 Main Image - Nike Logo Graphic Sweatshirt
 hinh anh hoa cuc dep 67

...

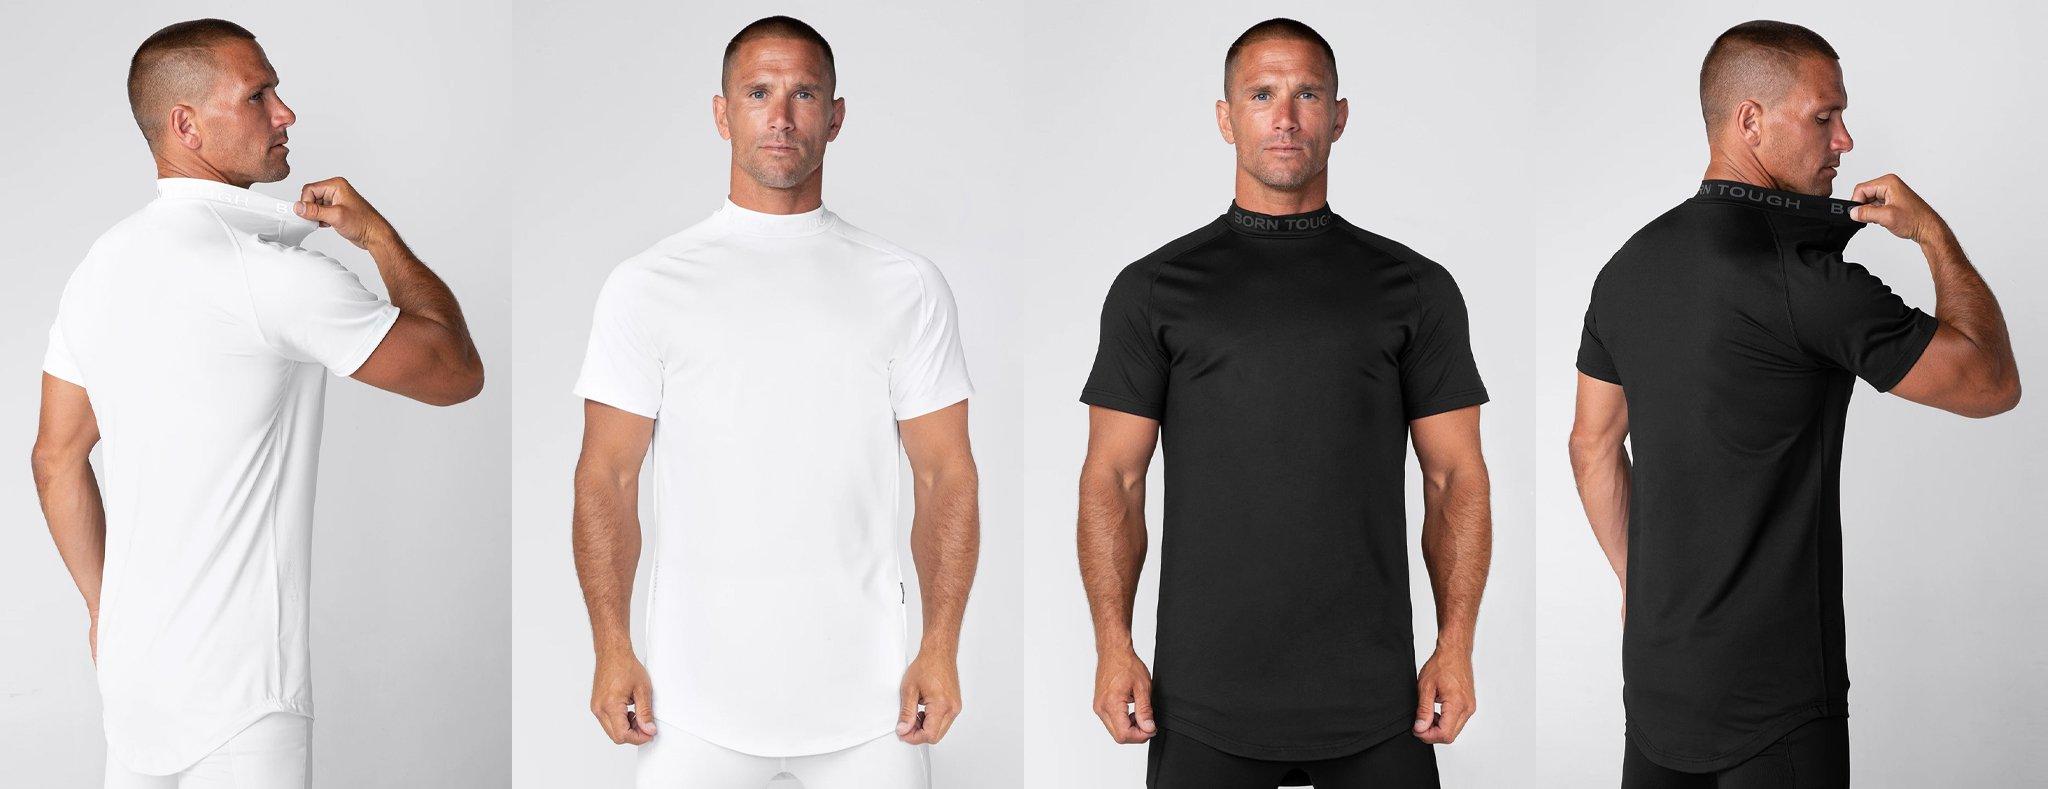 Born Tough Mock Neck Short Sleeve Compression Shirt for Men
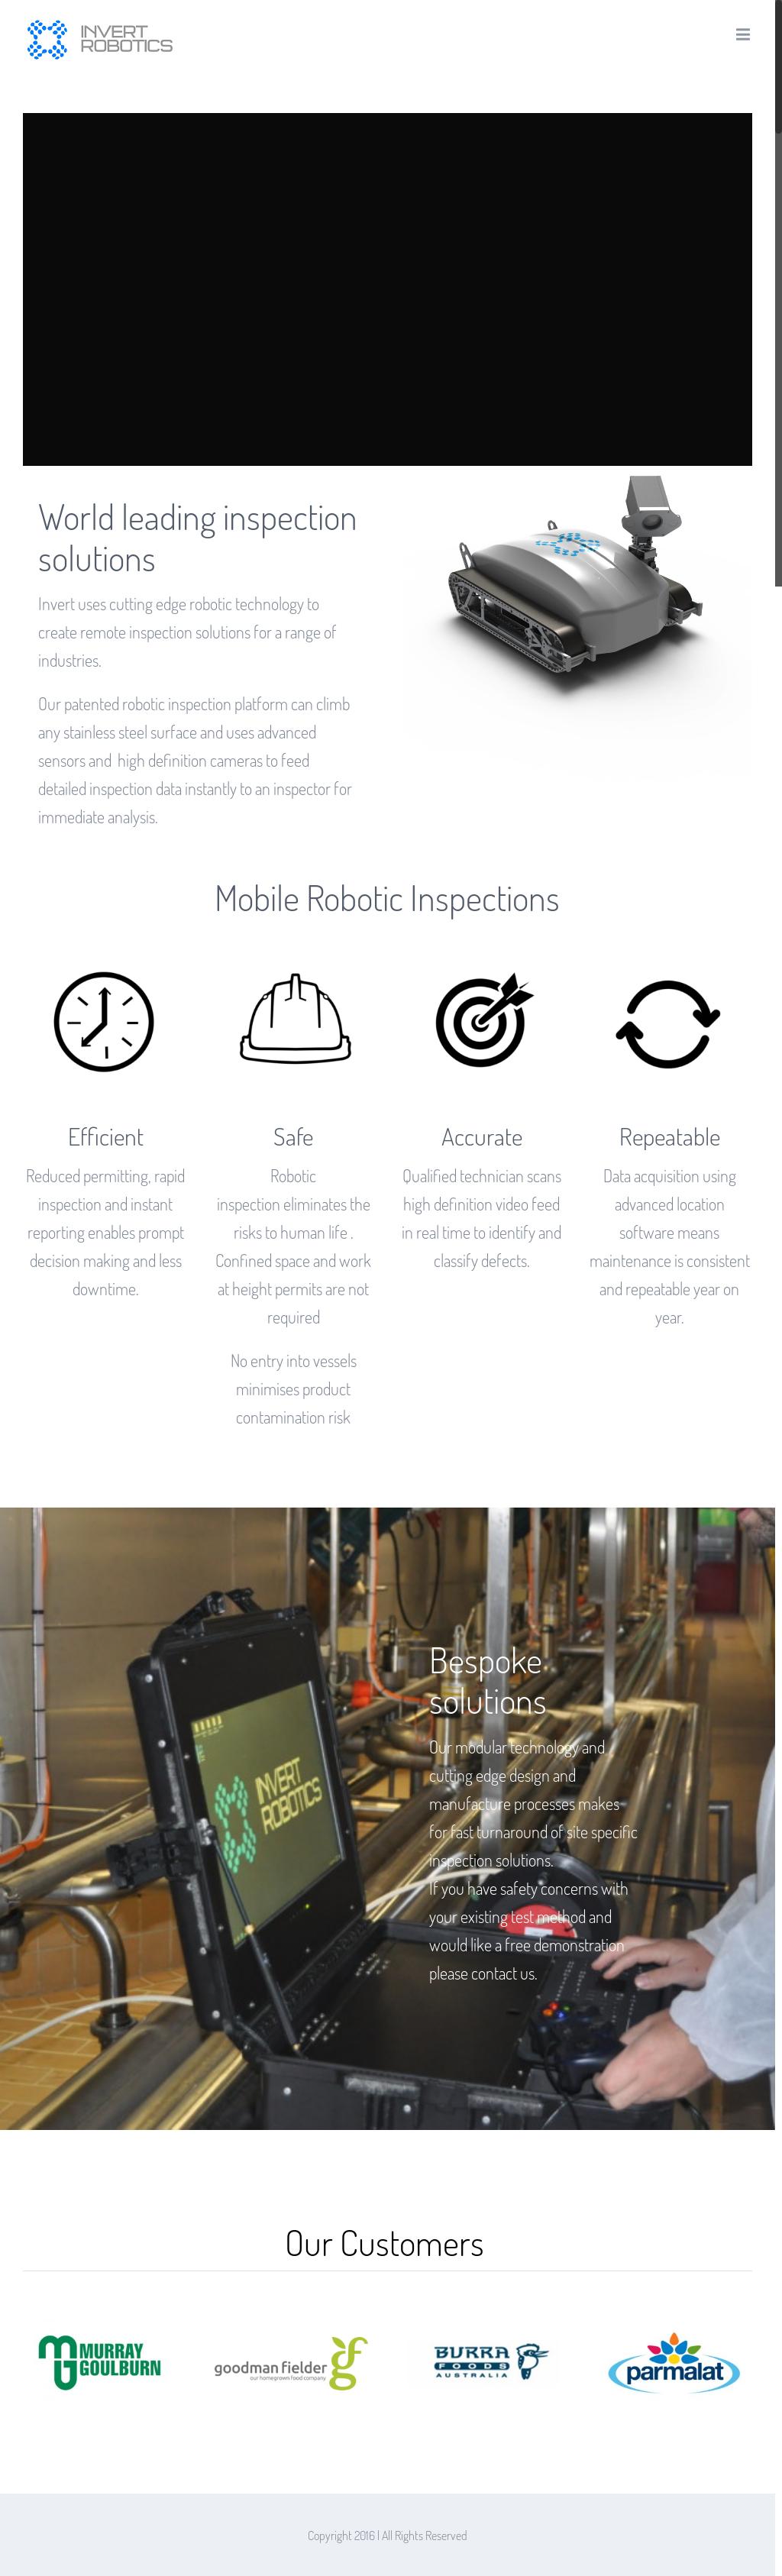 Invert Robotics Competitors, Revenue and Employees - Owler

==

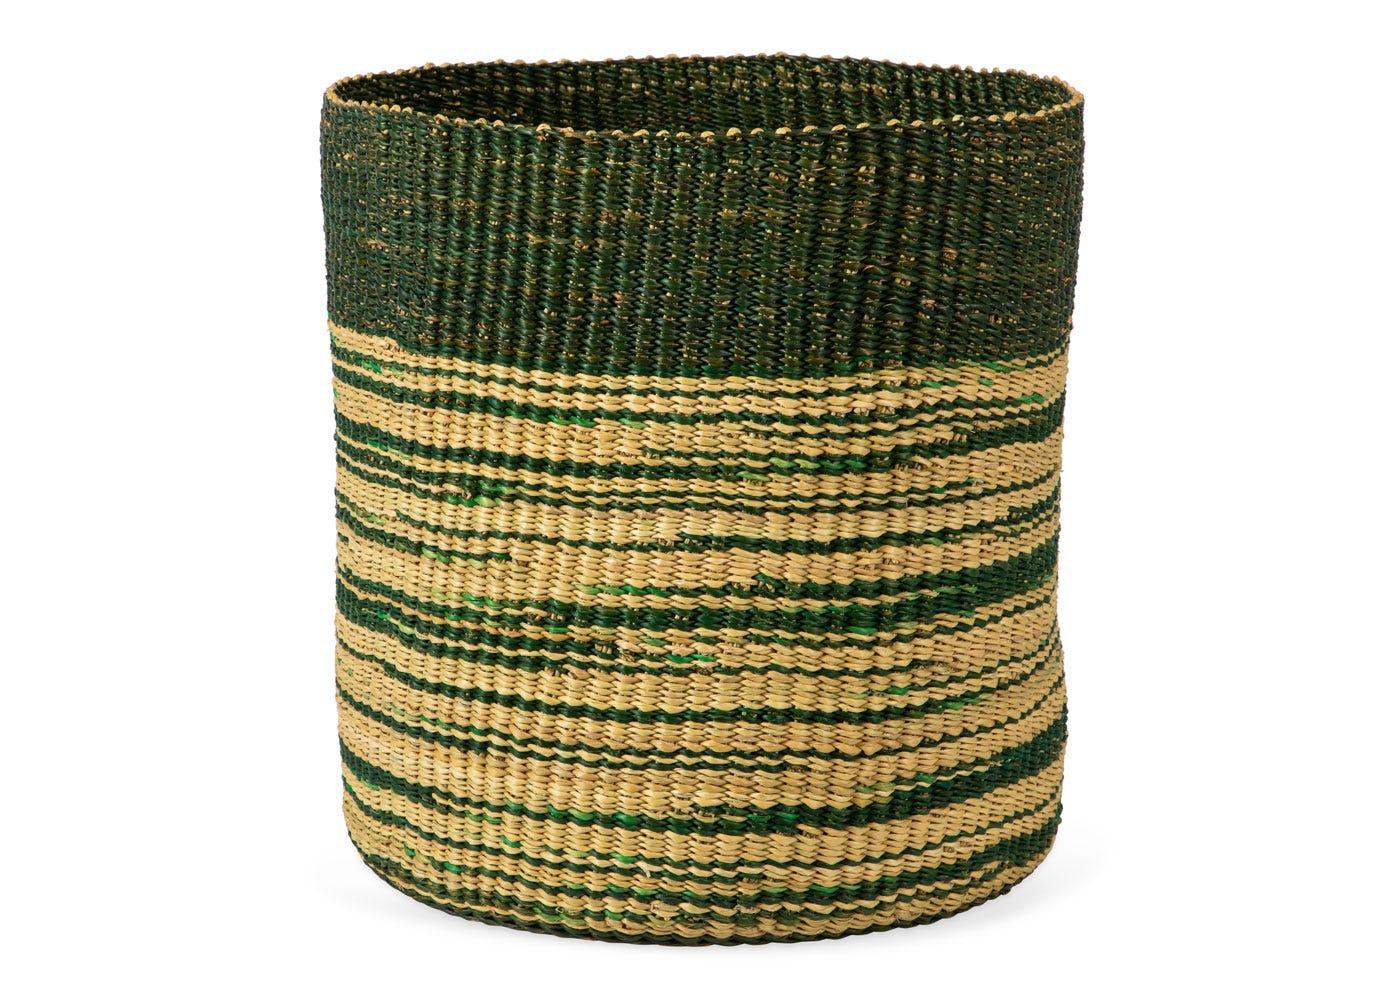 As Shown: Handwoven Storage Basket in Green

> _Goal of the exercise_
Each line from the one that contains "Born Tough Mock" down to the one that contains "Invert Robotics Competitors, Revenue" is to be returned exactly as it stands above, both ends included, with pictures removed.

> _Completed exercise_
 Born Tough Mock Neck Short Sleeve Compression Shirt for Men
 Invert Robotics Competitors, Revenue and Employees - Owler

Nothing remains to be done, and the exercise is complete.